Breaking Borders: Non-Resident Executives in Brazil

Finocchio & Ustra Sociedade de Advogados | View firm profile

Brazilian Federal Law 14.195/21 (known as the “Business Environment Law”) was enacted to streamline and diminish bureaucracy in Brazil’s business environment. This regulation stems from the conversion of Provisional Measure No. 1.040/2021 into law, with the objective of elevating Brazil’s standing in the World Bank’s “Doing Business” ranking.

This regulation permits non-resident foreigners to hold management positions in limited liability companies and corporations in Brazil.

Before the enactment of such Law, only residents in Brazil were eligible to occupy these management roles, with the exception of board non-resident members, who already needed to appoint a legal representative domiciled in Brazil. The updated legislation now expands this authorization to encompass officers in corporations and/or directors in limited liability companies.

The Business Environment Law brought the amendment to Article 146, paragraph 2 of Corporate Law (Law No 6404/76) to eliminate the residency requirement for corporation’s officers in Brazil. Instead, the aforementioned article sets forth that a foreign officer must appoint a local legal representative in Brazil empowered to receive legal summons and notification for three years following the conclusion of their management term. This initiative seeks to streamline the inflow of foreign capital and enhance the involvement of international companies in the Brazilian market by reducing bureaucratic processes.

Concerning to limited liability companies, the regulation came into effect under Normative Ruling No. 112/2022 of the Business Registration Manual (issued by National Department of Business Registration and Integration – DREI). This regulation, aligned with the recent legislative amendments, implemented a modification to DREI Normative Ruling No. 81. DREI revised the provisions concerning the foreign residency of the director in the limited company, converting the previous legal restriction into a clear regulatory endorsement.

Therefore, in order to the appointment of a non-resident officer/director be deemed valid, it is essential to address the practical challenges faced by companies, embracing the innovation introduced by the Business Environment Law:

  1. Issue of the Brazilian Individual Taxpayer’s Registry (CPF)
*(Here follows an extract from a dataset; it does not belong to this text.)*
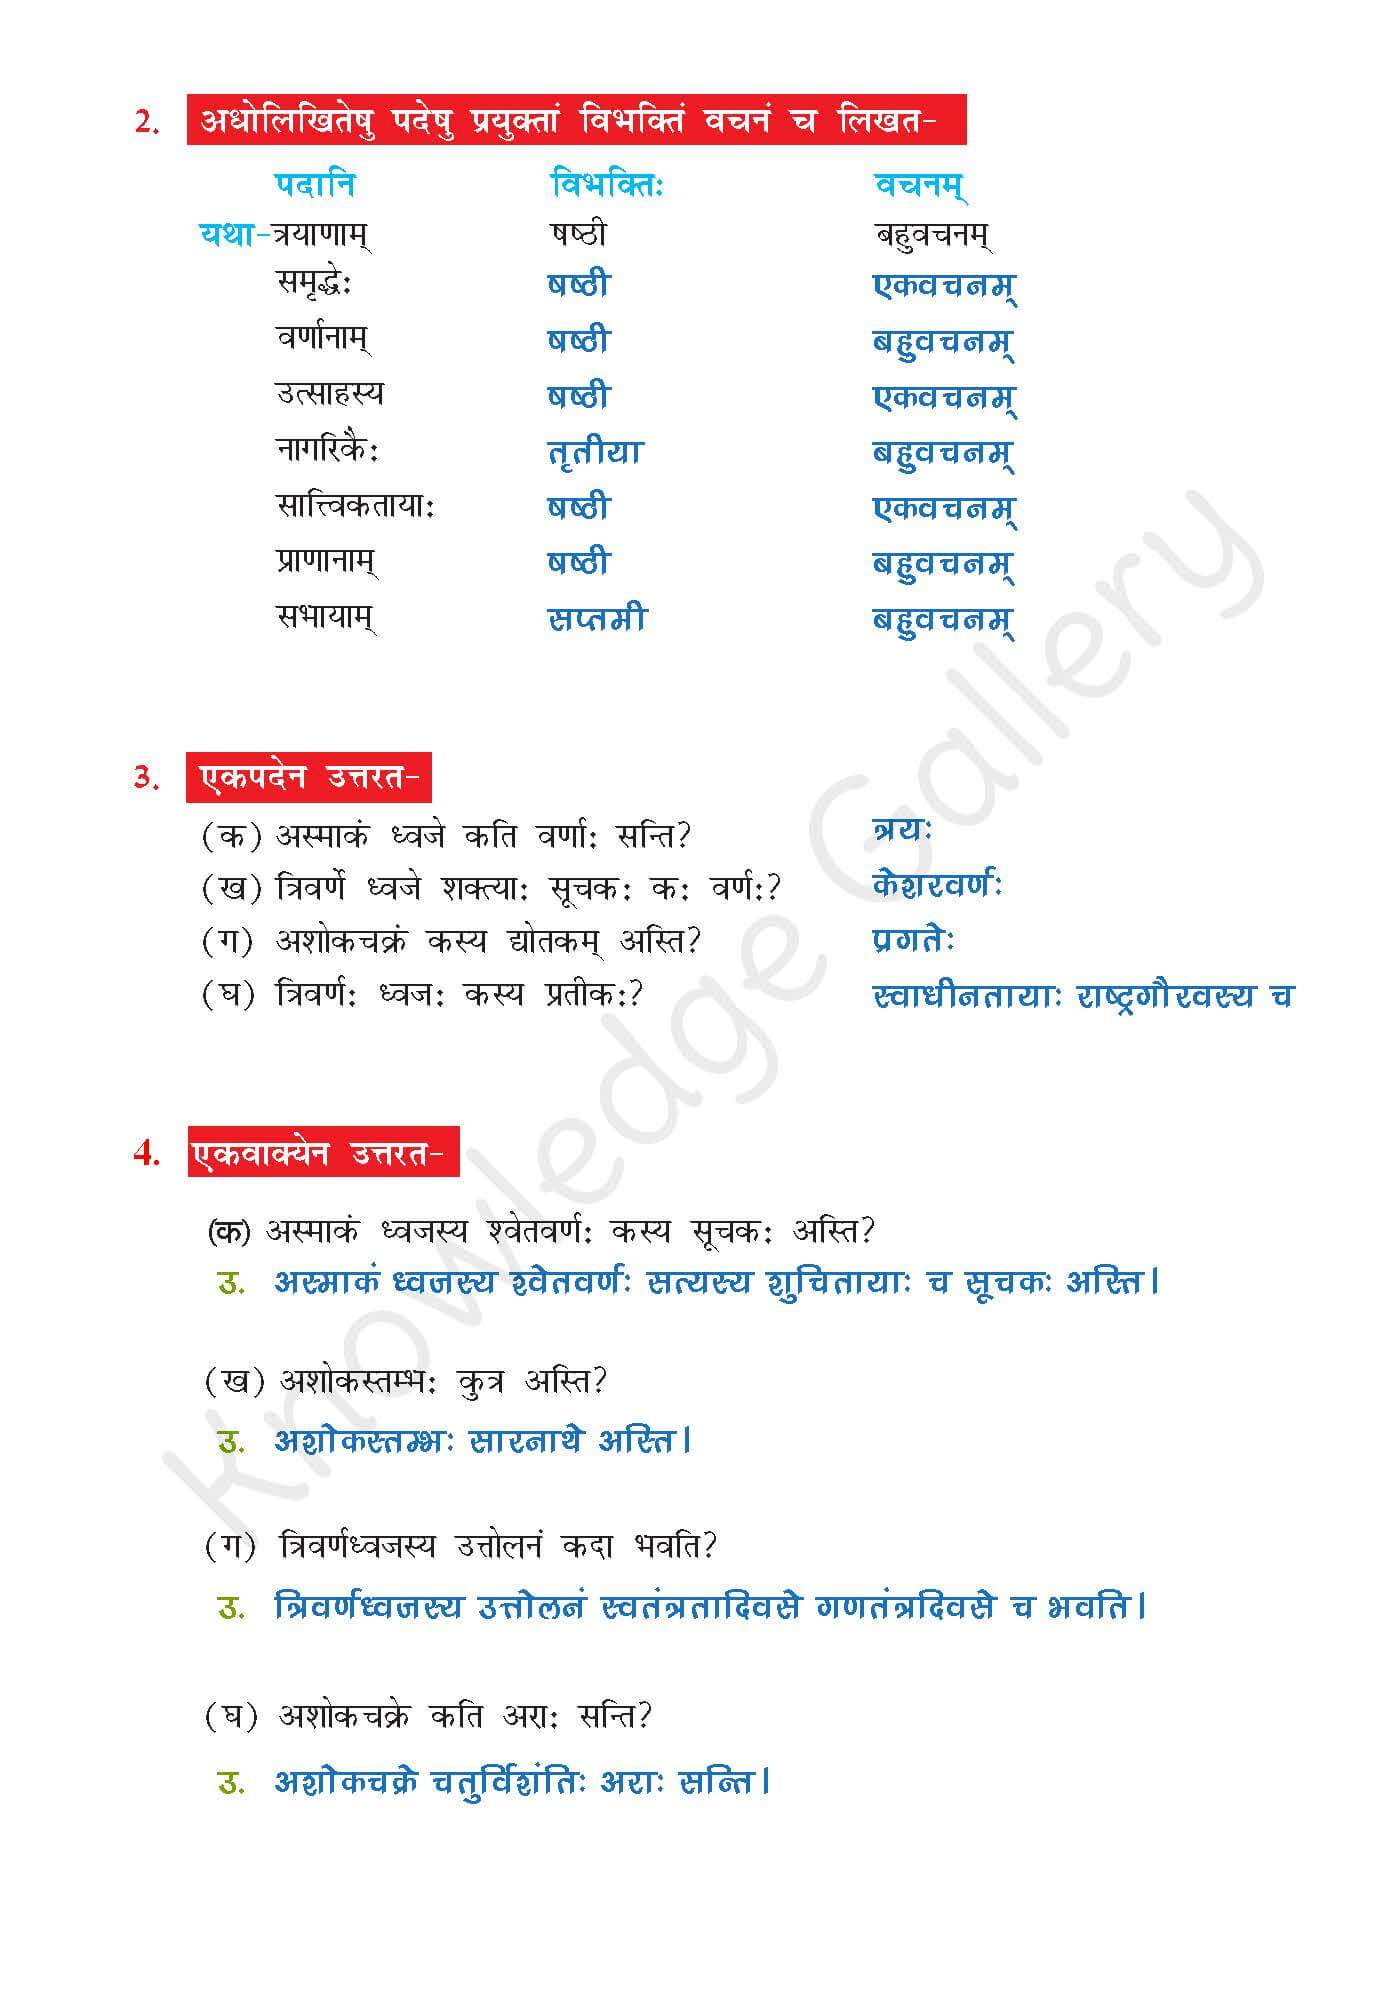 NCERT Solution For Class 7 Sanskrit Chapter 7 part 4

In order to legally appoint a non-resident officer/director in Brazil, it is mandatory that the non-resident to be enrolled with the Individual Taxpayer’s Register (CPF). The CPF serves as an essential identification document for individuals engaging in financial or commercial activities in Brazil, encompassing corporate management liabilities. Non-residents may be enrolled with the CPF through a Brazilian diplomatic office abroad, by authorizing a legal representative, or at the Brazilian Federal Revenue Service Agency. Upon their enrollment with the CPF, the non-resident officers/director are able to fulfill the fiscal requirements and tax duties essential for the lawful performance of their title in the country.

  1. Power of Attorney

As previously mentioned, it is necessary to draft a power of attorney appointing a local legal representative to receive summons and notices for a period of up to three (3) years following the termination of the foreign executive’s term of office. This provision is intended to ensure the company’s compliance with legal provisions in the non-resident’s absence, guaranteeing proper receipt and handling of any notifications or summons throughout the entire foreign management period and an additional transition period after the end of the term of office.

To be valid in Brazil, the power of attorney must be notarized and apostilled or consularized in the country of residence of the foreign executive. Following this authentication process, the power of attorney should be officially registered with the notary office in Brazil and subsequently with the Brazilian Commercial Registry. This process is crucial for establishing the document’s authenticity and efficacy before Brazilian authorities and agencies, thereby confirming the legal standing of the non-resident executive’s representation.

Considering the legislative update brought by the Business Environment Law and its impacts on the procedures governing the management of companies by non-residents in Brazil, notably progress have been achieved in streamlining the Brazilian business environment. The authorization to appoint a non-resident director in limited liability companies and a non-resident officer in corporations reflects a more globally attuned and inclusive framework. This development is anticipated not only to draw increased foreign investment but also to enhance operational efficiency and modernize business practices, thereby fostering Brazilian’s economic growth and bolstering its competitiveness on the international market.